- The Washington Times - Monday, April 29, 2002

It was old-home day at the Hirshhorn Museum, to judge by the intimate nature of the crowd attending a reception for the museum's new director, Ned Rifkin.
For Mr. Rifkin, it was a new old-home day and a bit of musical chairs where he served as chief curator from 1986 to 1991 under James Demetrion, who appointed him to the job.
Mr. Demetrion is consultant at the Menil Collection in Houston, where Mr. Rifkin most recently served as director. So goes the art world whirl-around that the event Thursday drew a huge turnout of artists, curators, dealers and museum benefactors, including Christopher Addison and Sylvia Ripley, Chris Murray, Bill Christenberry, Willem de Looper, Jacqueline Leland, Jack Cowart, Larry Gagosian, George Hemphill, Robert Lehrman, Marsha Ralls, Janet Solinger and Conrad Cafritz.

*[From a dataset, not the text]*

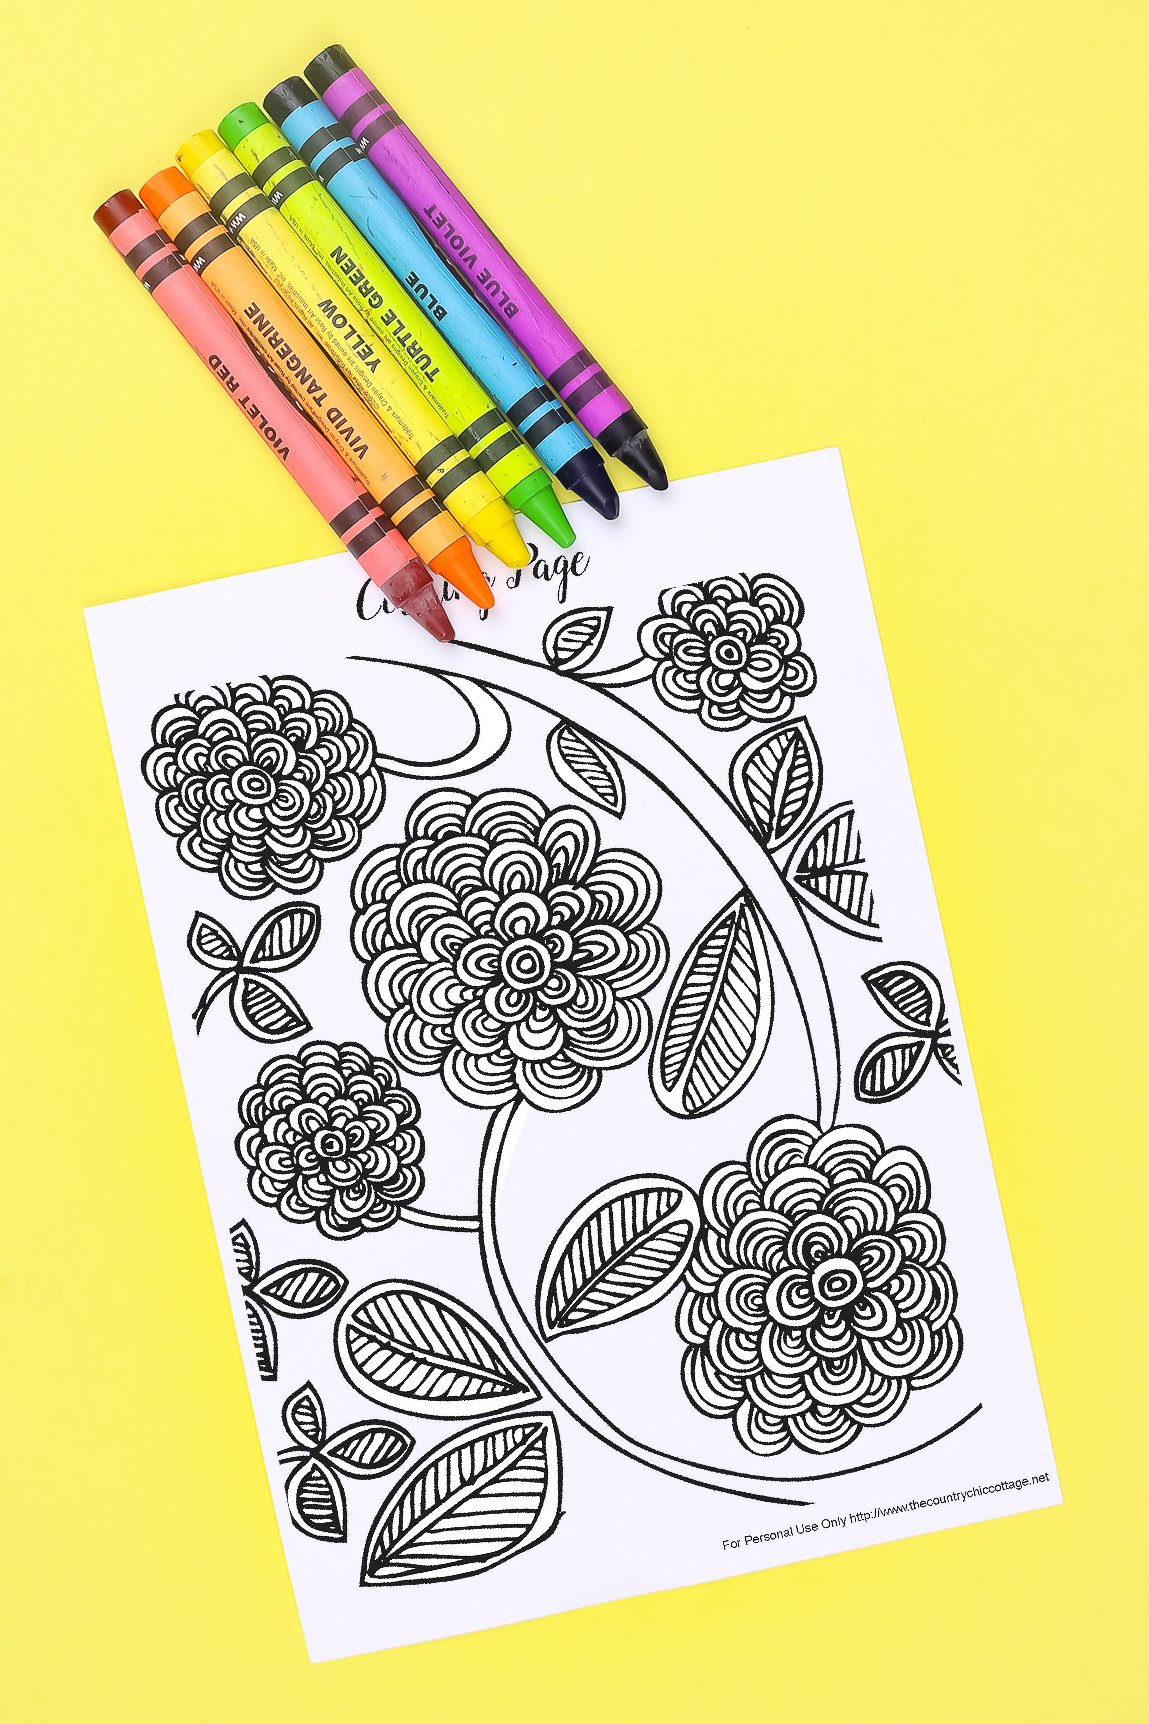 Adult Coloring Books to Buy - Angie Holden The Country Chic Cottage
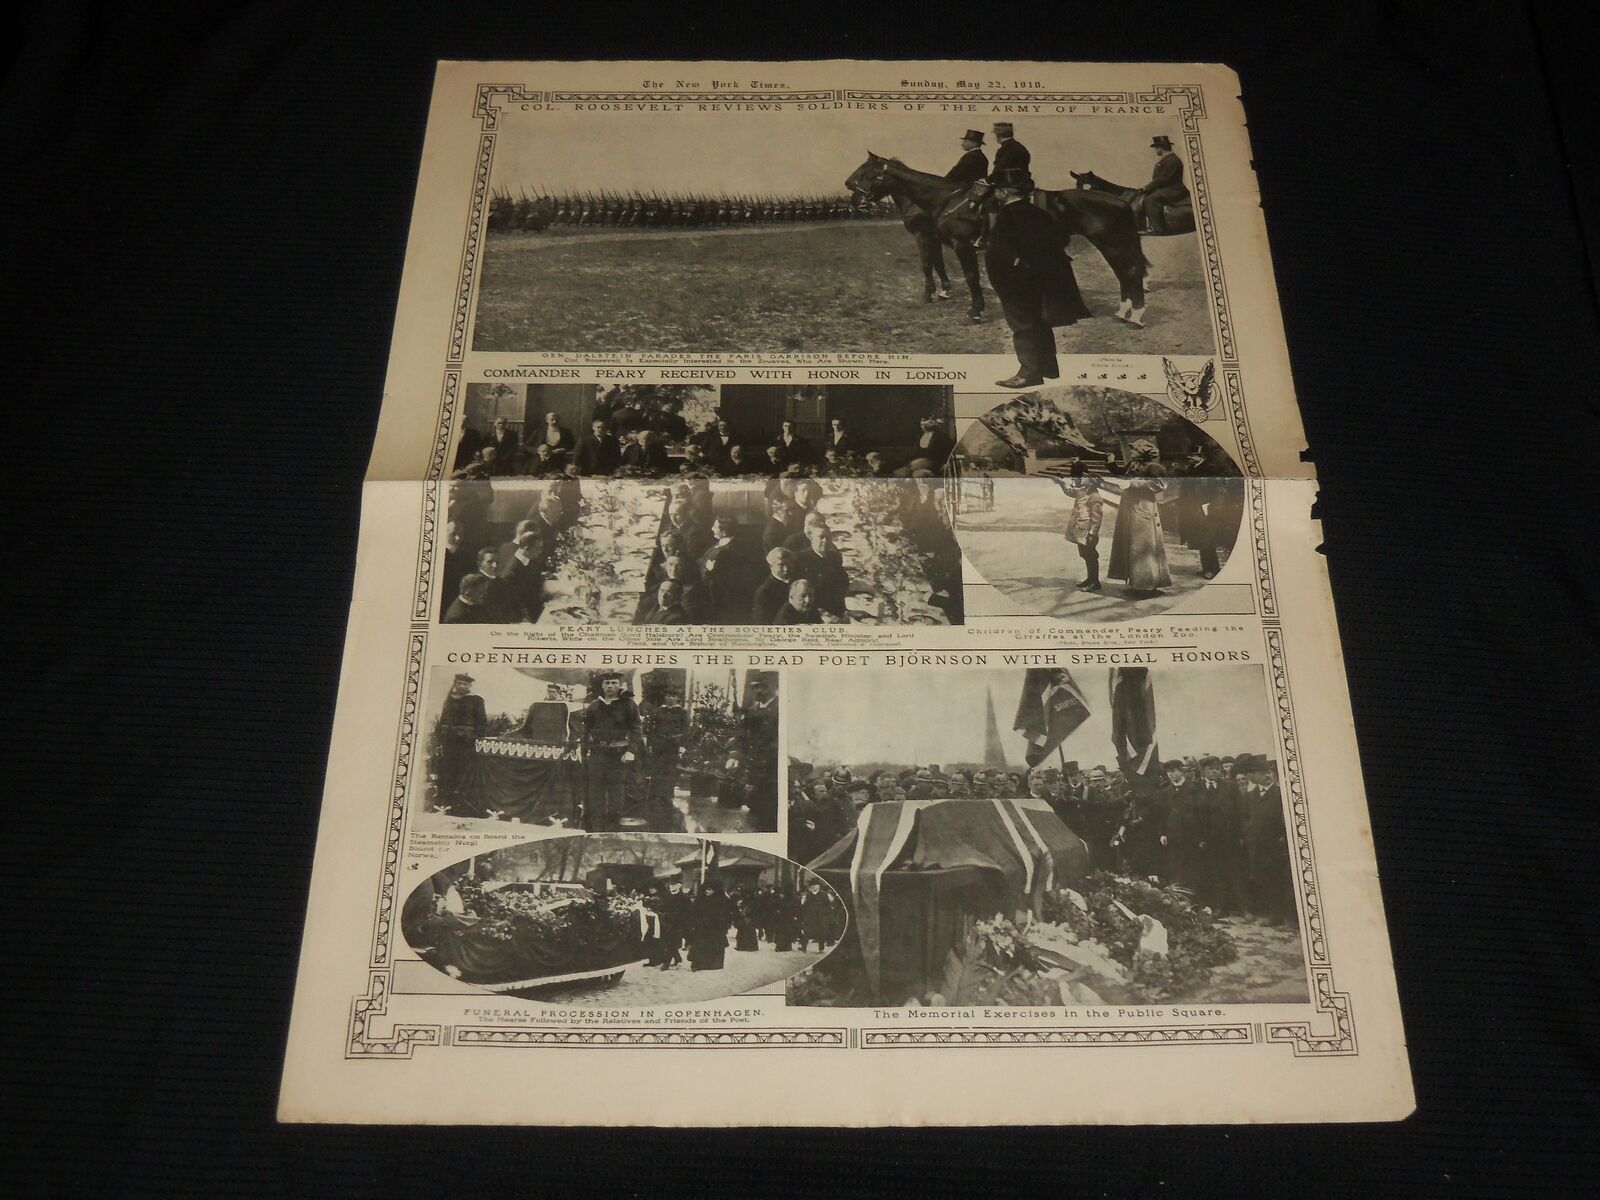 1910 MAY 22 NEW YORK TIMES PICTURE SECTION - KING EDWARD VII IS DEAD - NP 5638

"He should make this place more social," volunteered one distinguished Washington artist who asked not to be quoted, meaning he should create more buzz and more excitement around the museum's high-quality exhibitions.
Outreach is clearly on the honoree's mind, to judge by remarks he made to the crowd, which included noting the large number of artists present. "I feel very confident that we can levitate this building higher," he said, referring to the Hirshhorn as a "people's museum of contemporary modern art."
Mr. Demetrion privately had only praise for his successor, saying he has "great vision, is a scholar and a proven administrator.
"Don't forget to write, too, that he had a basketball scholarship at Syracuse," the former director said with a chuckle that shook his rotund frame.
That's not all the eclectic and elegant-looking Mr. Rifkin can claim. His biography says he received a doctorate from the University of Michigan, specializing in the films of Michelangelo Antonioni.